Task statement:
Skip the pictures and copy all the data that follows exactly.

Material provided:
= = = = = = =
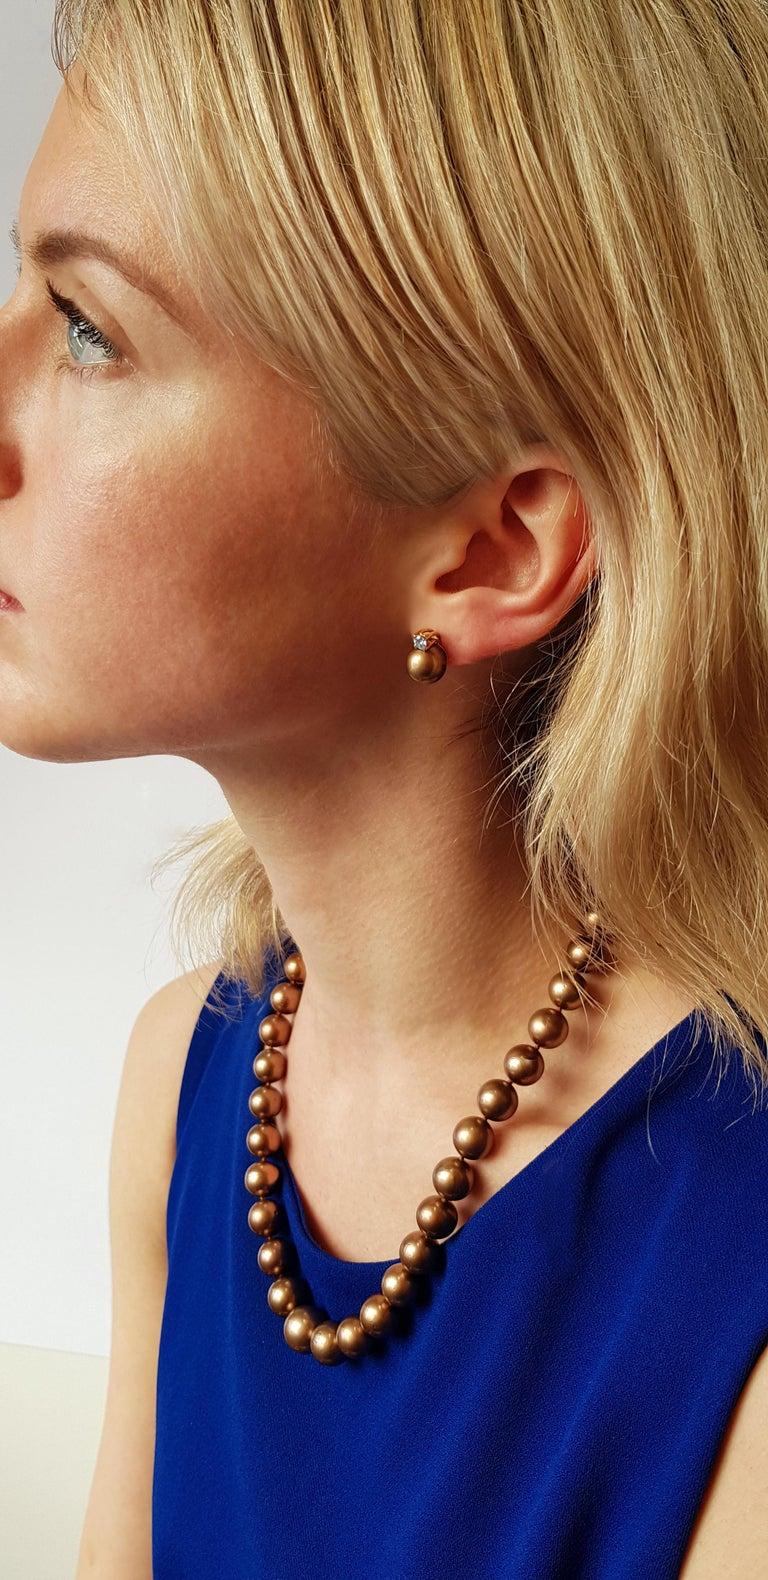 Round Cut Yoko London Chocolate Tahitian Pearl and Diamond Earrings Set in 18 Karat Gold For Sale
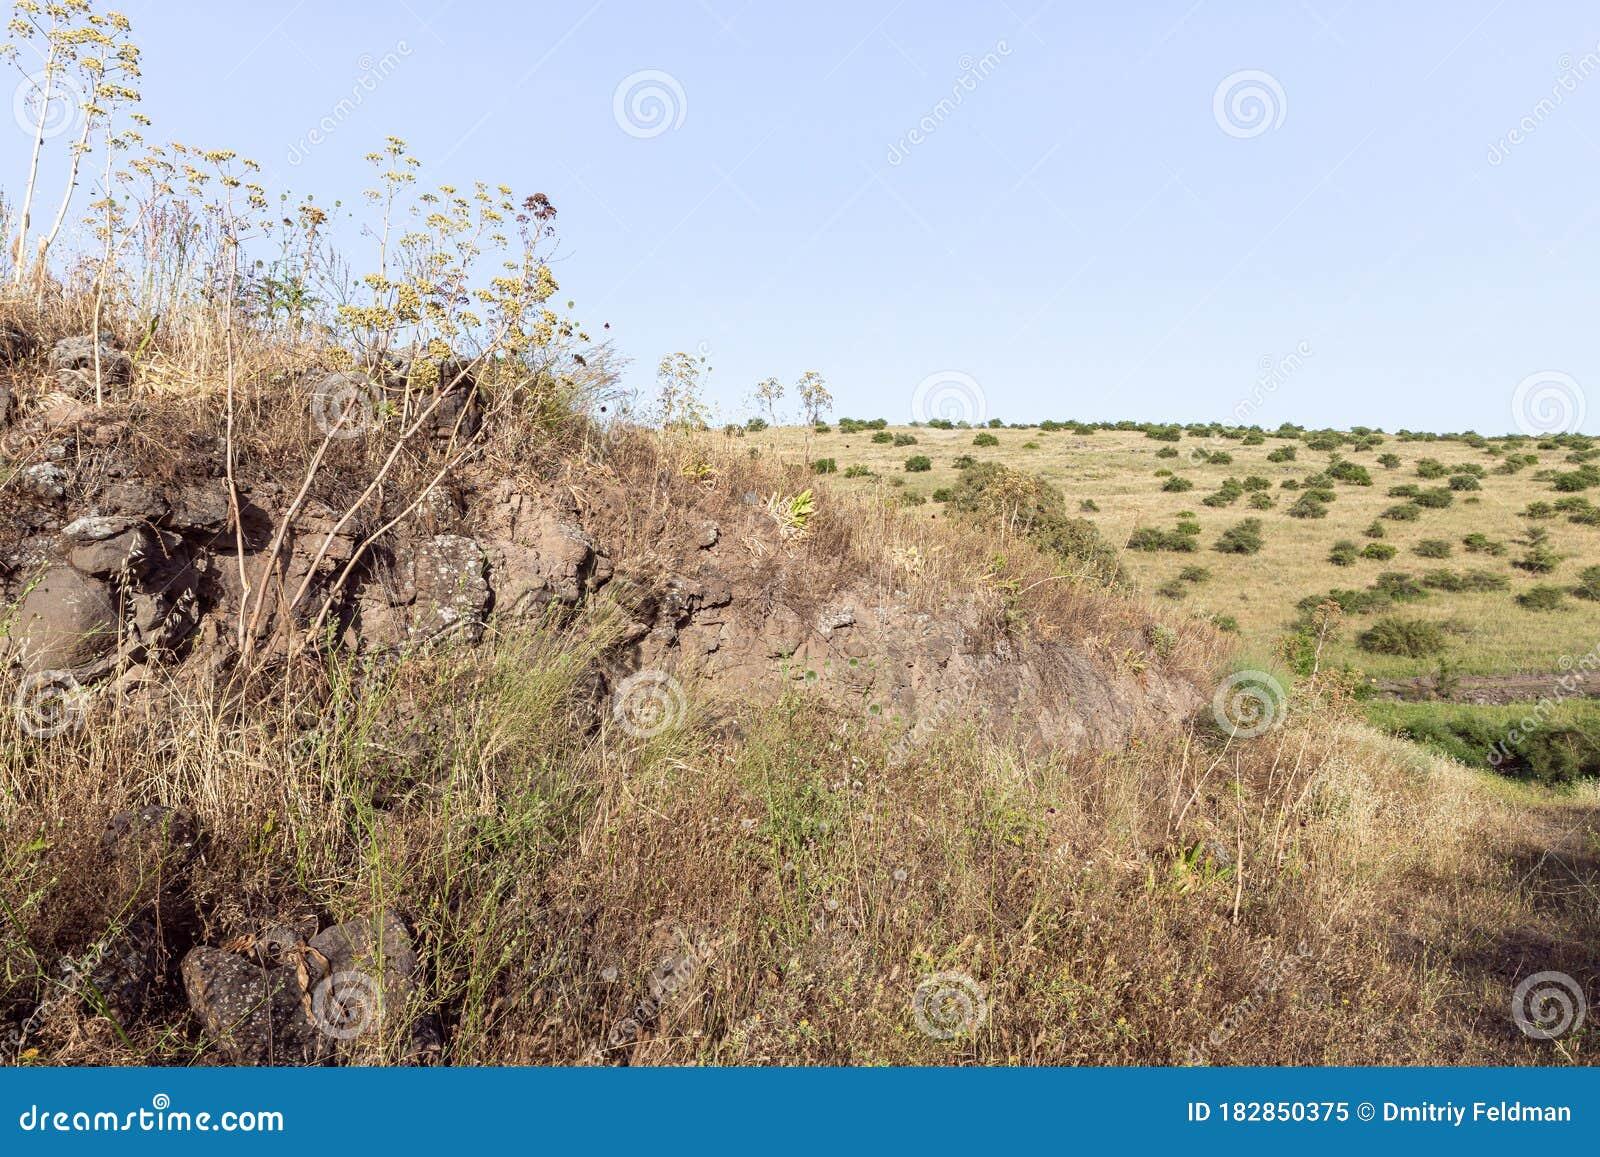 Grass Israel
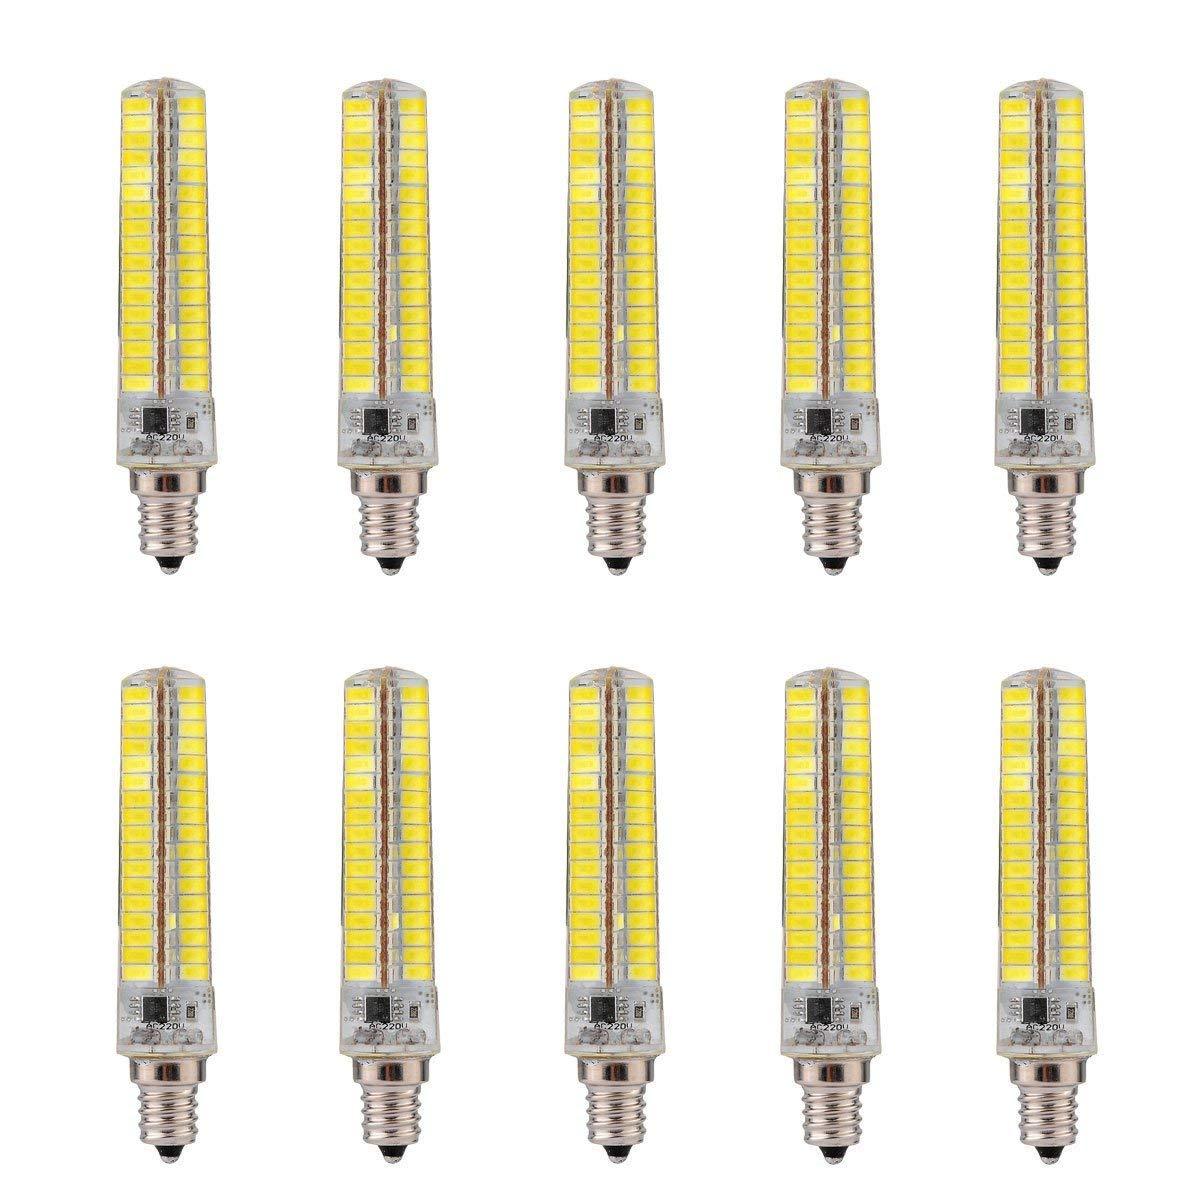 FuweiEncore Light Dimmbar E12 7W 136 SMD 5730 600-700 LM Warm Weiß Kaltweiß Maisbirnen AC 110V   AC 220V (Farbe   Warmes Weiß, Großauswa  220v) (Farbe   Warmes Weiß, Größe   110V)
= = = = = = =
Output of the task:
 Round Cut Yoko London Chocolate Tahitian Pearl and Diamond Earrings Set in 18 Karat Gold For Sale
 Grass Israel
 FuweiEncore Light Dimmbar E12 7W 136 SMD 5730 600-700 LM Warm Weiß Kaltweiß Maisbirnen AC 110V   AC 220V (Farbe   Warmes Weiß, Großauswa  220v) (Farbe   Warmes Weiß, Größe   110V)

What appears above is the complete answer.